A clear example of inflation can be seen in the United States in the early 1970s. The decade began with inflation in the mid-single digits. By 1974, it had risen to more than 12%. It peaked at more than 13% in 1979. With investors earning mid-single digit returns on stocks, and inflation coming in at double that number, making money in the market was a tough proposition.

When it comes to protecting your portfolio from the ravages of inflation, there are several popular strategies. First and foremost is the stock market. Rising prices tend to be good news for equities. For fixed-income investors seeking an income stream that keeps pace with rising prices, Treasury Inflation-Protected Securities are a common choice. These government-issued bonds come with a guarantee that their par value will rise with inflation, as measured by the Consumer Price Index, while their interest rate will remain fixed. Interest on TIPS is paid semiannually. TIPS can be purchased directly from the government through the Treasury Direct system in $100 increments with a minimum investment of $100 and are available with 5-, 10-, and 20-year maturities.
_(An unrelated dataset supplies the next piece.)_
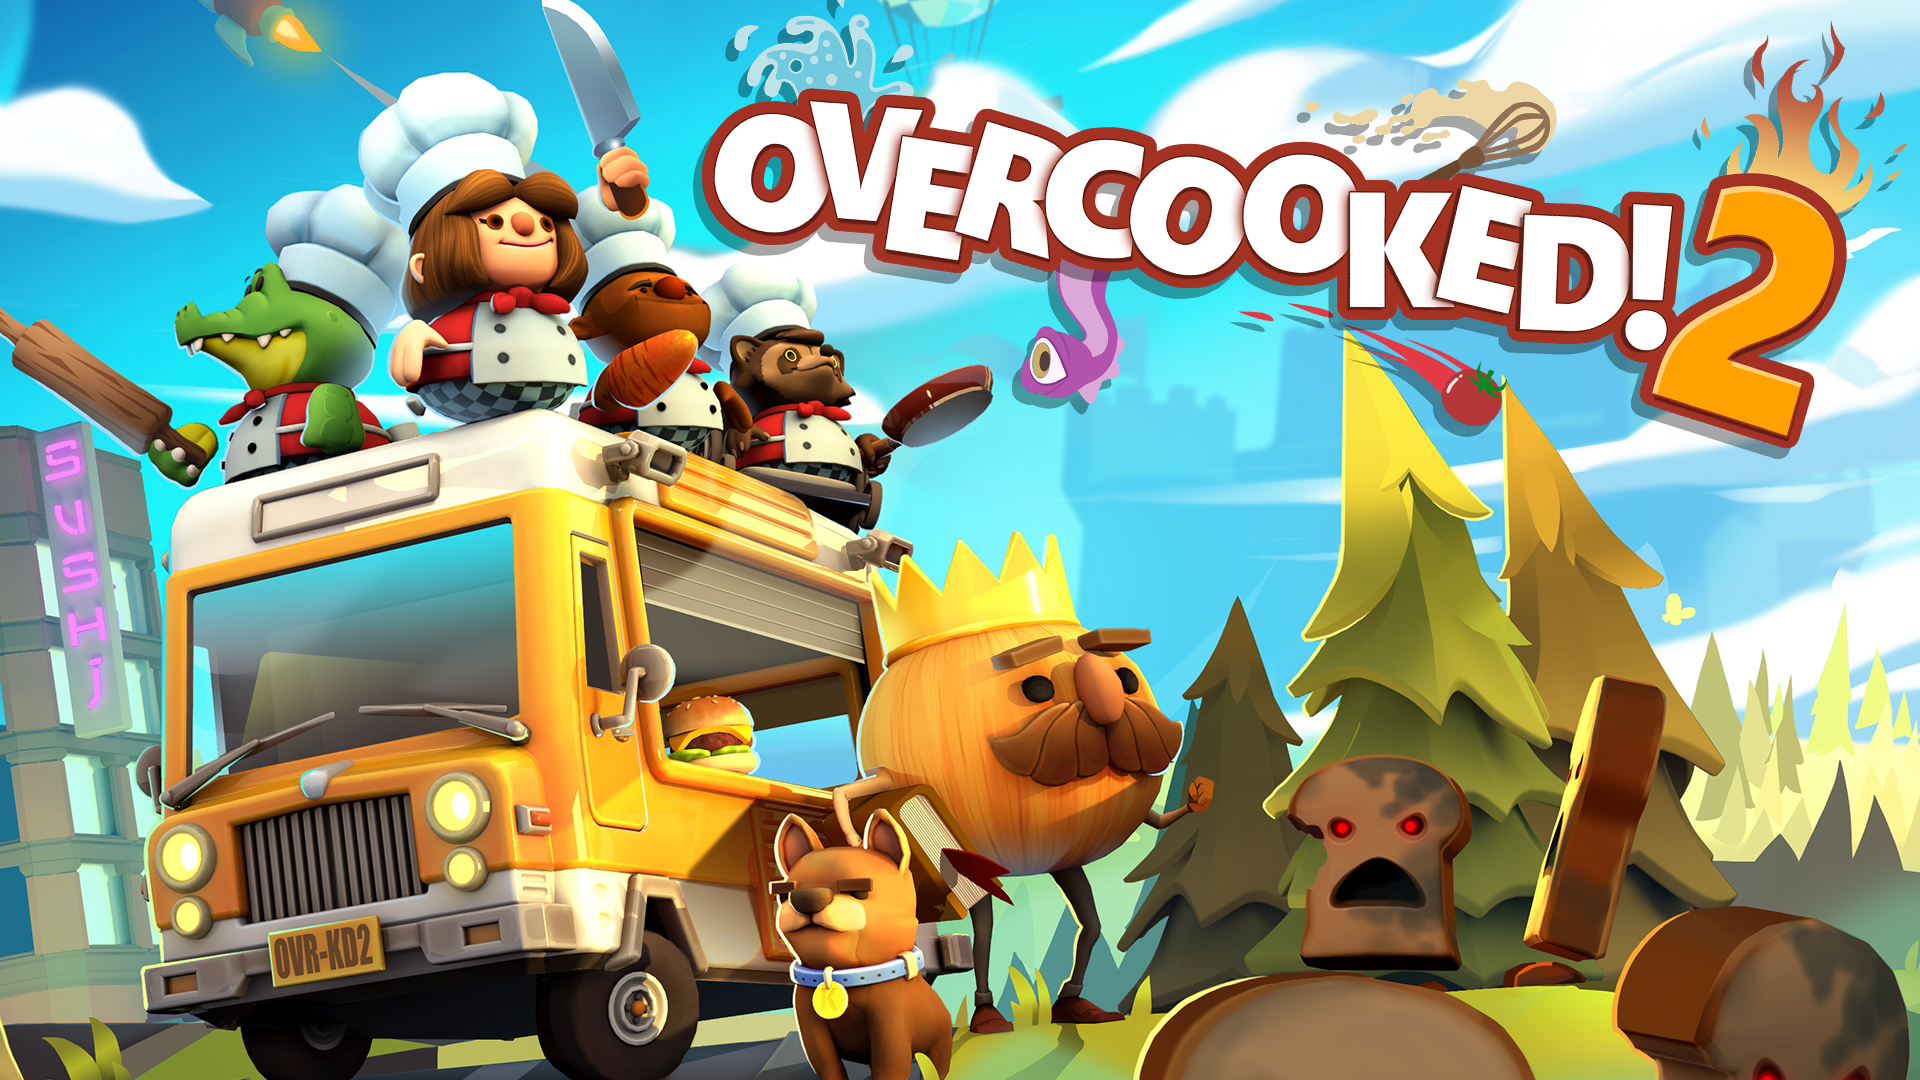 2 Overcooked 2 HD Wallpapers | Background Images - Wallpaper Abyss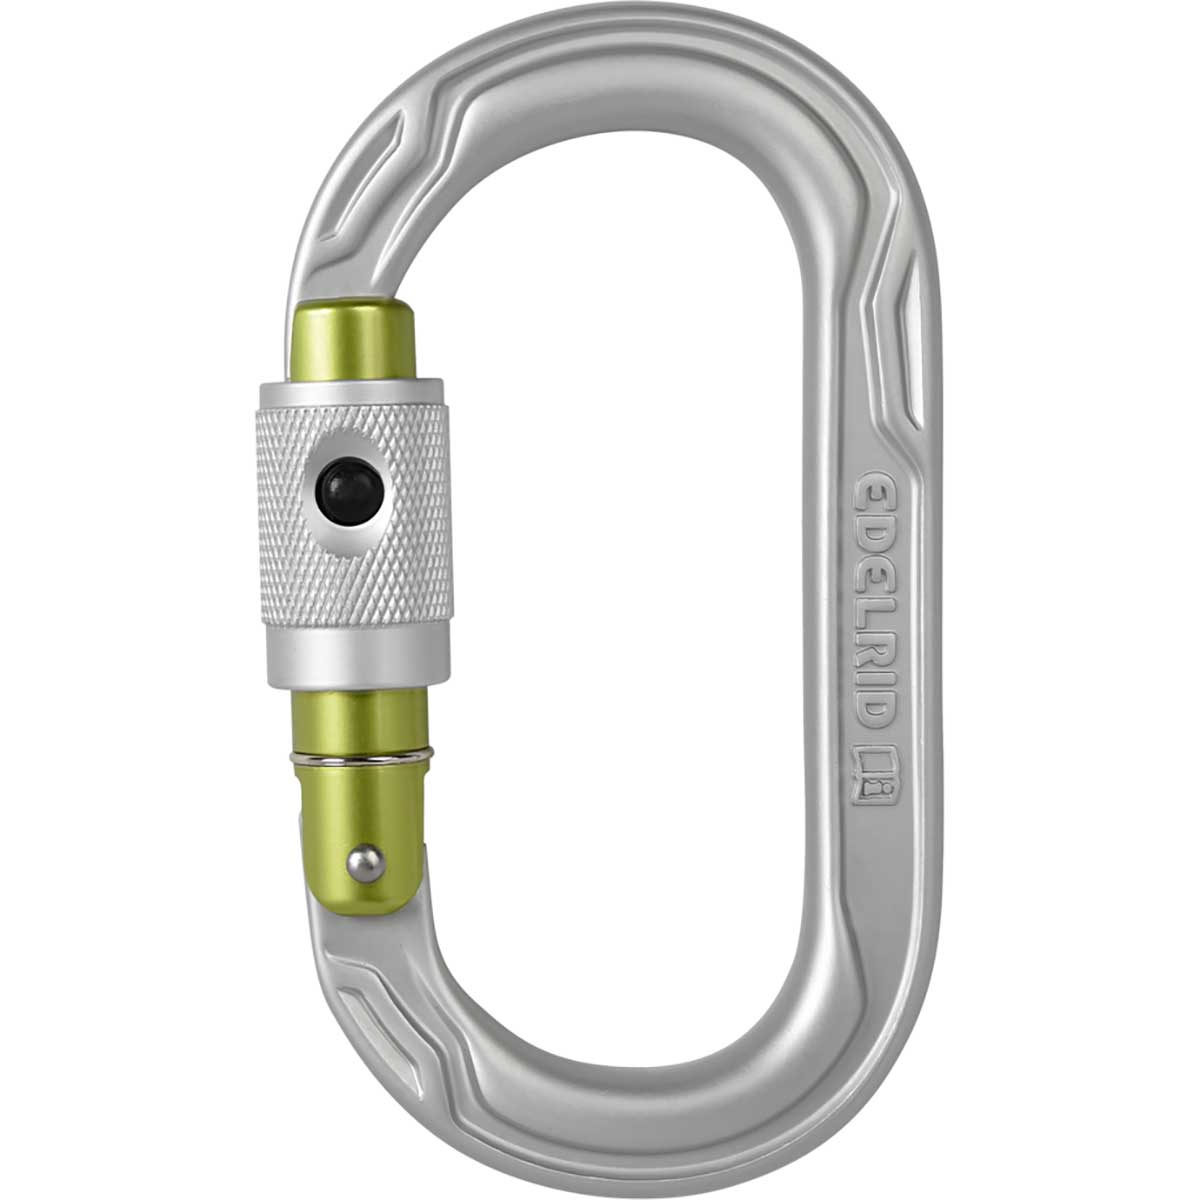 Image of Edelrid Moschettone Oval Power 2500 Permalock

International bonds also provide a way to generate income. They provide diversification too, giving investors access to countries that may not be experiencing inflation. Gold is another popular inflation hedge, as it tends to retain or increase its value during inflationary periods. Other commodities can also fit in this bucket, as can real estate, since these investments tend to rise in value when inflation is on an upswing. On the commodities side, emerging-market countries often generate significant revenues from commodity exports, so adding stocks from these countries to your portfolio is another way to play the commodities card.

Deflation: What to Do
Deflation is a less common occurrence than inflation. It appears when a lower level of demand in the economy leads to an excessive drop in prices. Periods of high unemployment and economic depression often coincide with deflation.

Japan's lost decade - the period between 1991 and 2001 - highlights the ravages of deflation. It began with collapses in both the stock market and the real estate market. Economic collapse resulted in falling wages. Falling wages led to a decrease in demand, which led to lower prices. Lower prices led to the expectation that prices would continue to decline, so consumer held off on making purchases. Lack of demand caused prices to fall further and the downward spiral continued. Combine that with interest rates that hovered near zero and a depreciating yen, and it lead to economic expansion coming to a screeching halt.

When deflation is a threat, investors go defensive by favoring bonds. High-quality bonds tend to fare better than stocks during periods of deflation, which bodes well for the popularity of government-issued bonds. Foreign bonds are also an option.

On the stock side, companies that produce consumer goods that people must buy no matter what (think toilet paper, food, healthcare) tend to hold up better than other companies; these are referred to as defensive stocks. Dividend-paying stocks are another consideration in the equity space. Cash also becomes a more popular holding. Certificates of deposit and plain old savings accounts are often a fit in this category.

Just as in during inflationary periods, there are a variety of methods by which you can construct your portfolio. Building it security by security is always an option. Investing in mutual funds or exchange-traded funds provides a convenient strategy if you don't have the time, skills or patience to conduct security-level analysis.

Caught in the Middle?
Sometimes it's hard to tell whether inflation or deflation is the bigger threat. When you can't tell what to do, plan for both. A diversified portfolio that includes allocation to investments that fare well during inflations periods and investments that fare well during deflationary periods can provide a measure of protection regardless of what happens in the economy.

Diversification is the key when you don't have the desire to attempt to properly time the inflation/deflation cycle. Blue-chip companies tend to have the strength to weather deflation and also pay dividends, which help when inflation rises to the point where valuations stagnate.

Diversifying abroad is another strategy, as emerging markets are often exporters of in-demand commodities (a hedge against inflation) and not perfectly linked with the domestic economy (protection against deflation). High-quality bonds and TIPS are reasonable choices on the fixed-income side. With TIPs, you are guaranteed to at least get value of your original investment back.

Time horizon plays an important role too. If you have twenty years to invest, you probably have time weather a downturn of any variety. If you are close to retirement or living off of the income generated by your portfolio, you have not have the time to wait for a recovery and have little choice but to take immediate action to adjust your portfolio.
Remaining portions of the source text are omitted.